So, the girl child and I are going to a special seminar this week. And tonight the husband and I went to a facilitated group discussion at her middle school to learn about talking to your child about sex and drugs. We didn't get to the drugs.

The doctor leading the group (PHD, not MD) works with pregnant teens. She talked about how a success in her workday is getting a mom to choose to put water in a baby bottle before soda, spending a couple of nights a week at home, rather than going out every single night.

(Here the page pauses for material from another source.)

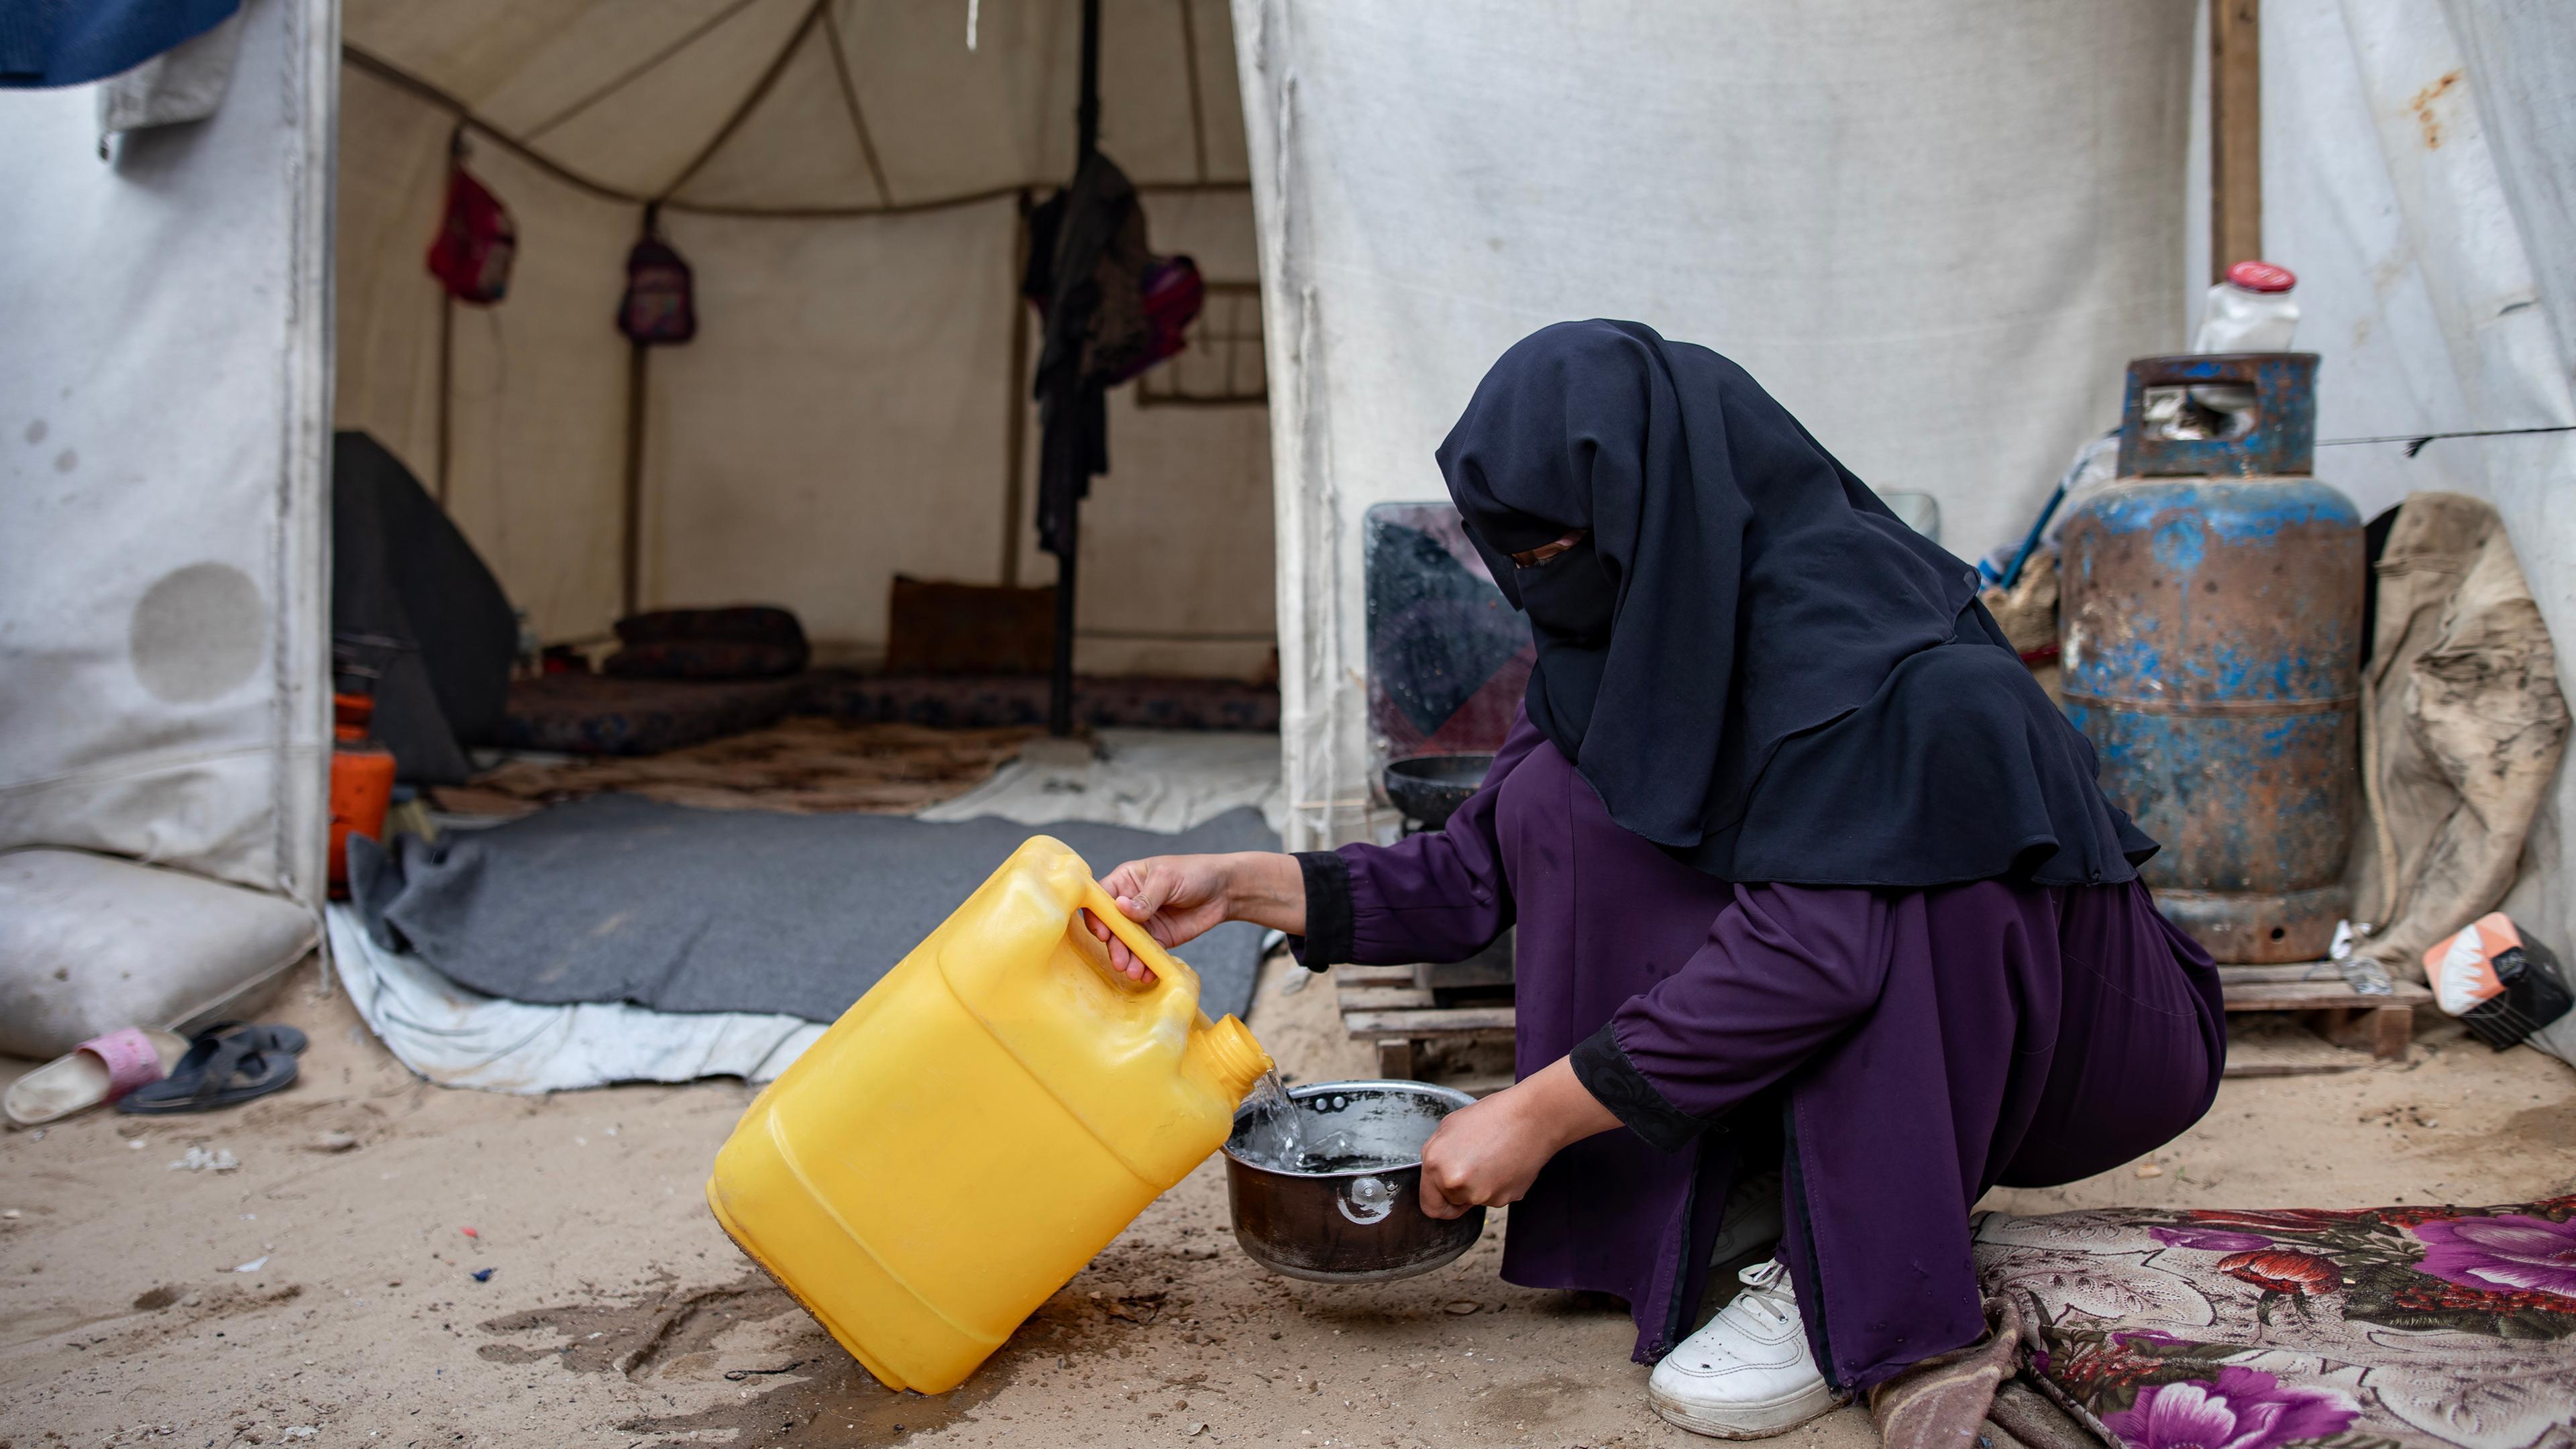 Palestinians in Gaza face dire water and sanitation conditions

And how she engages the pregnant and new mom teens and elevates their esteem by having them travel around to schools and speak about their circumstances to share what they could have done differently.

She also shared that, as good as it is for the school teens to hear these girls stories, it is so much more important for these young moms themselves, as it can help to keep them from having second and third children while still in their teens.

Tonight I learned some staggering facts:

Over 80 percent of teen mothers drop out of school, never to return again.

Over 80 percent of teen fathers are out of the picture. Of the remaining 20 percent, most do not see their children even once a week.

Teen pregnancy costs the US 8 billion dollars a year.

There were so many more things. Like parents who address their fears by putting their daughters on the pill to "regulate their periods." Like parents who NEVER talk with their kids about sex. And parents who struggle, awkwardly, through the embarrassing and uncomfortable conversations because they love their kids so much. Like me.

So I'm gonna drag her to the "Heart to Heart" seminar. And we're gonna feel awkward and uncomfortable. And my baby is gonna grow up before I know it. And she will or will not have sex as a teen. And she will or will not end up in therapy blaming me for everything that ever happened to her.

But she will not get to say, "No one ever talked about sex in my house."


Jaye said...

I applaud you for being so involved with your daughter, they have no idea how important it is for them to have that support.

I'm not sure if Adam ever told you but I was a teen parent. I freaked out and decided to have mine early (haha jk), but really though, lots of poor choices and not enough adult/mature insight in my life growing up.

I try my best to be there for my son though. I honestly can't see my life with out him right now.

Erica said...

No, sweets, our quiet friend did not share with me about your personal life. I am so glad you get to know your little man. If he is at all like his mother I'm sure he is as brilliant as he is beautiful.

One of my bestest girlie friends became a mom at 16 and her wonderful daughter is graduating this week.

Baby love is the best - though it is often not simple or easy.

Thank you for sharing this with me. =-) And for your kind words about my motherness.

Annagrace said...

We need more mamas that tell the truth--to their daughters and then also in public, so we can remind and/or prod each other along the way. Good and true words, as always, Mama Crummy.